**Dataset extract**
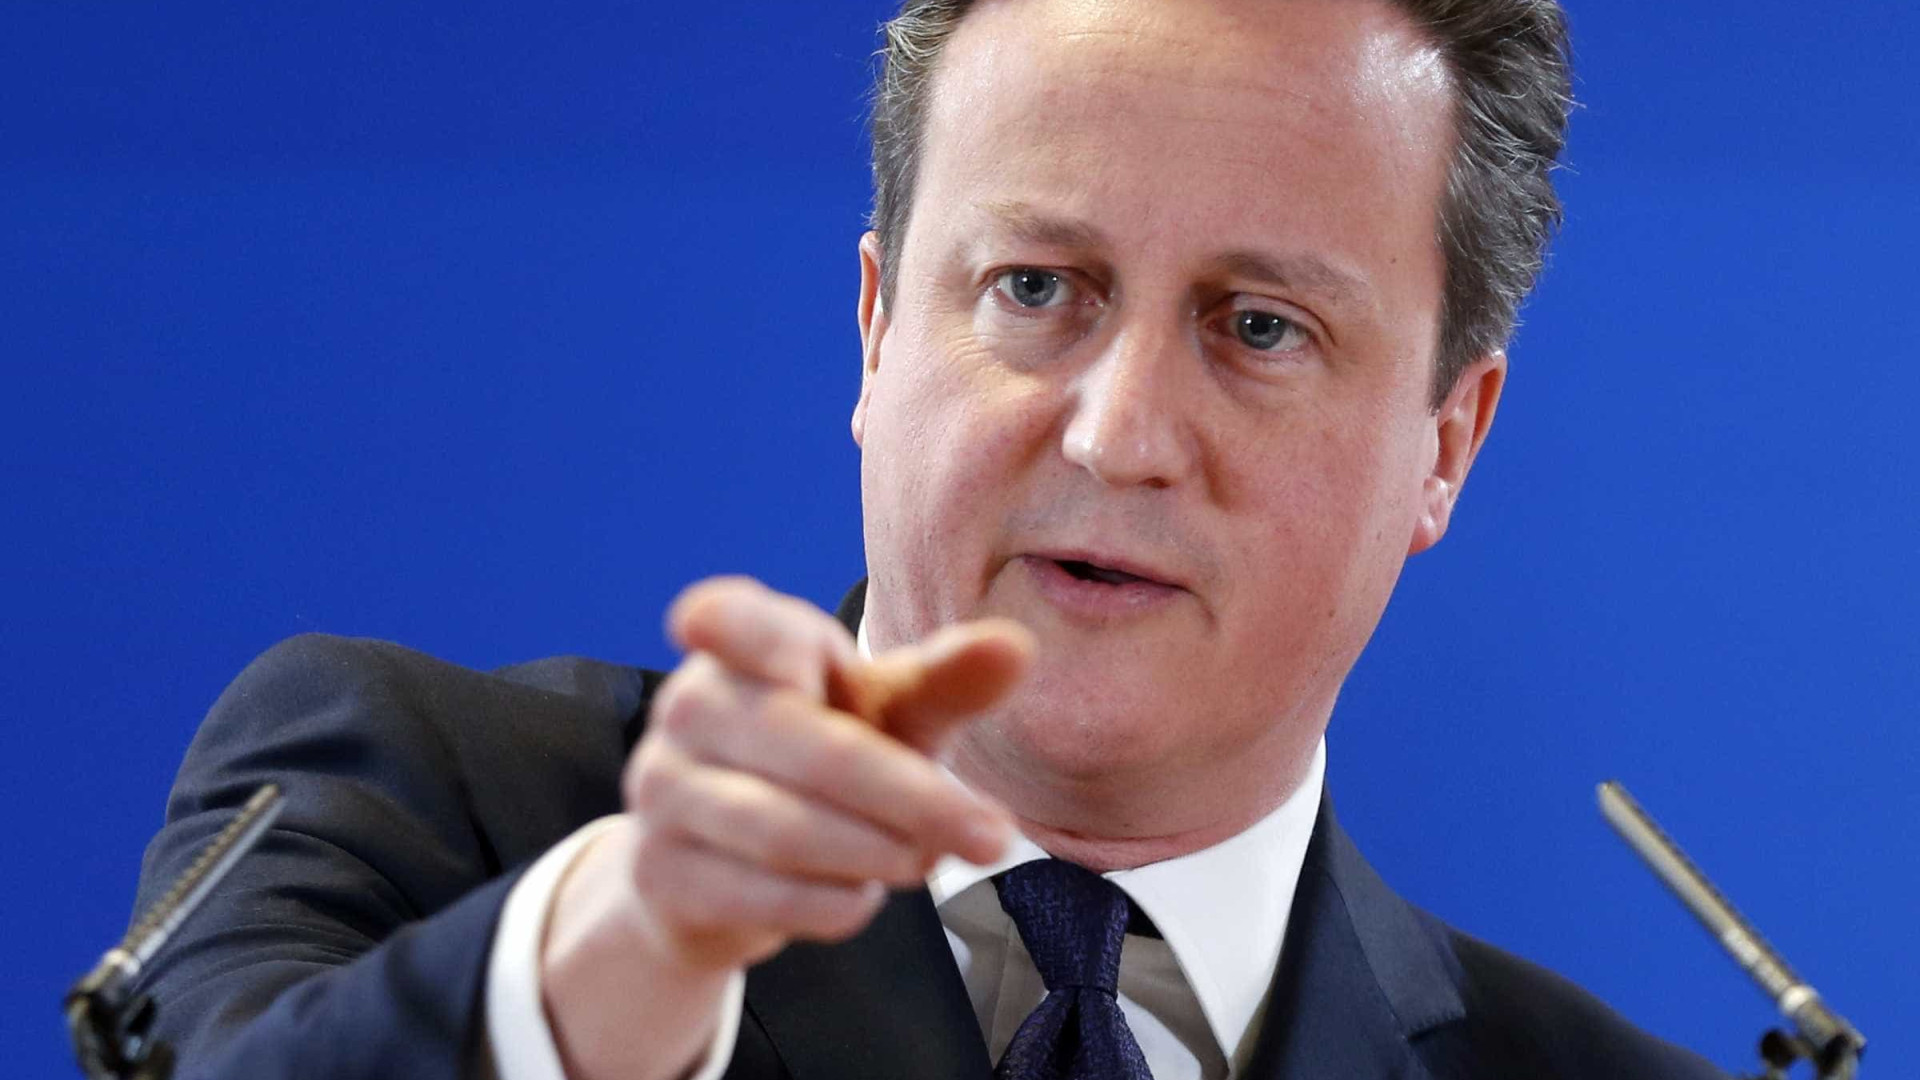 Cameron vai adotar medidas contra EI após decapitação de refém
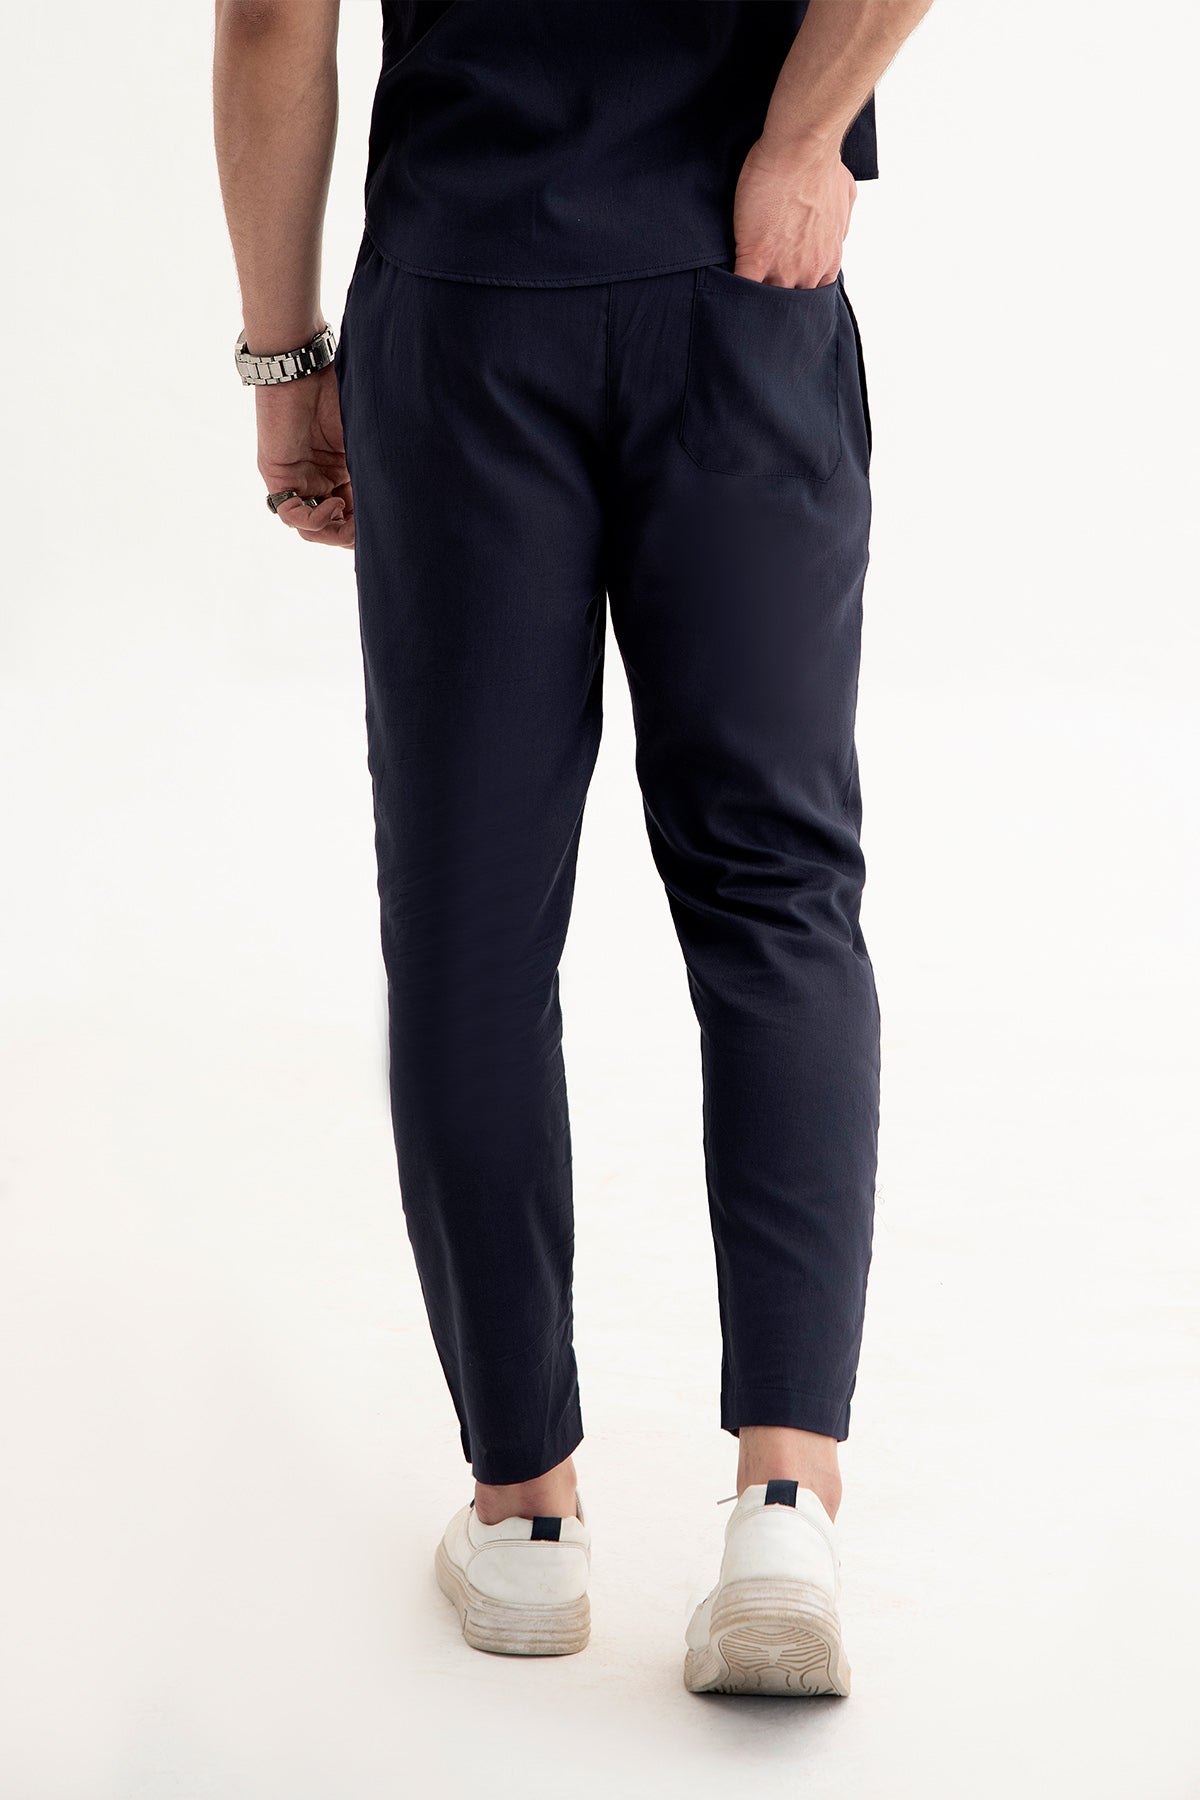 Navy Blue Irish Linen trouser
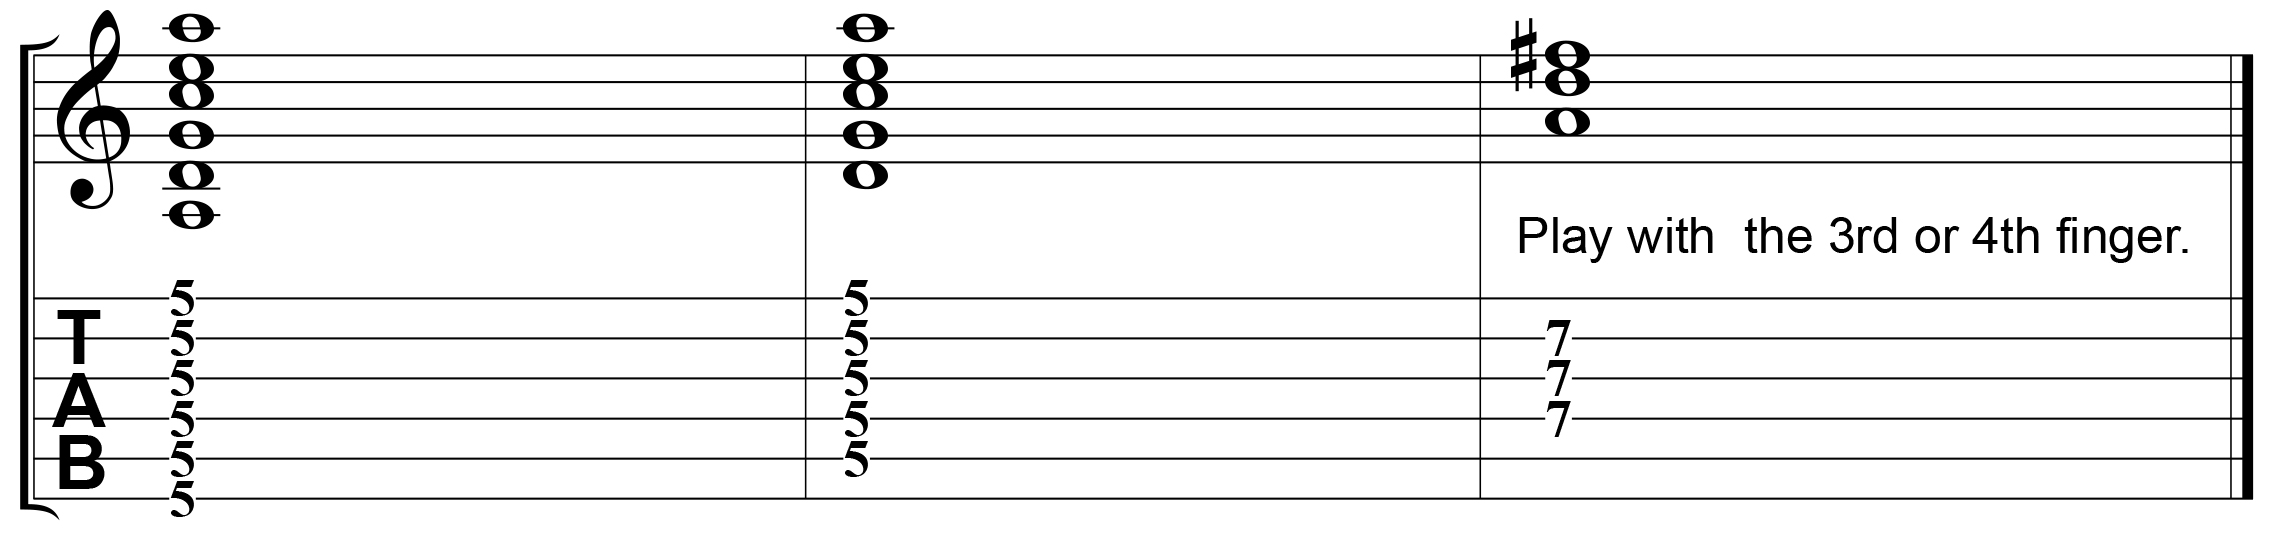 guitar blog - 7 tips barre chords - ex 1-2

**Work task**
Your answer must be an exact copy of the listing, with every picture omitted.

**Output of the task**
 Cameron vai adotar medidas contra EI após decapitação de refém
 Navy Blue Irish Linen trouser
 guitar blog - 7 tips barre chords - ex 1-2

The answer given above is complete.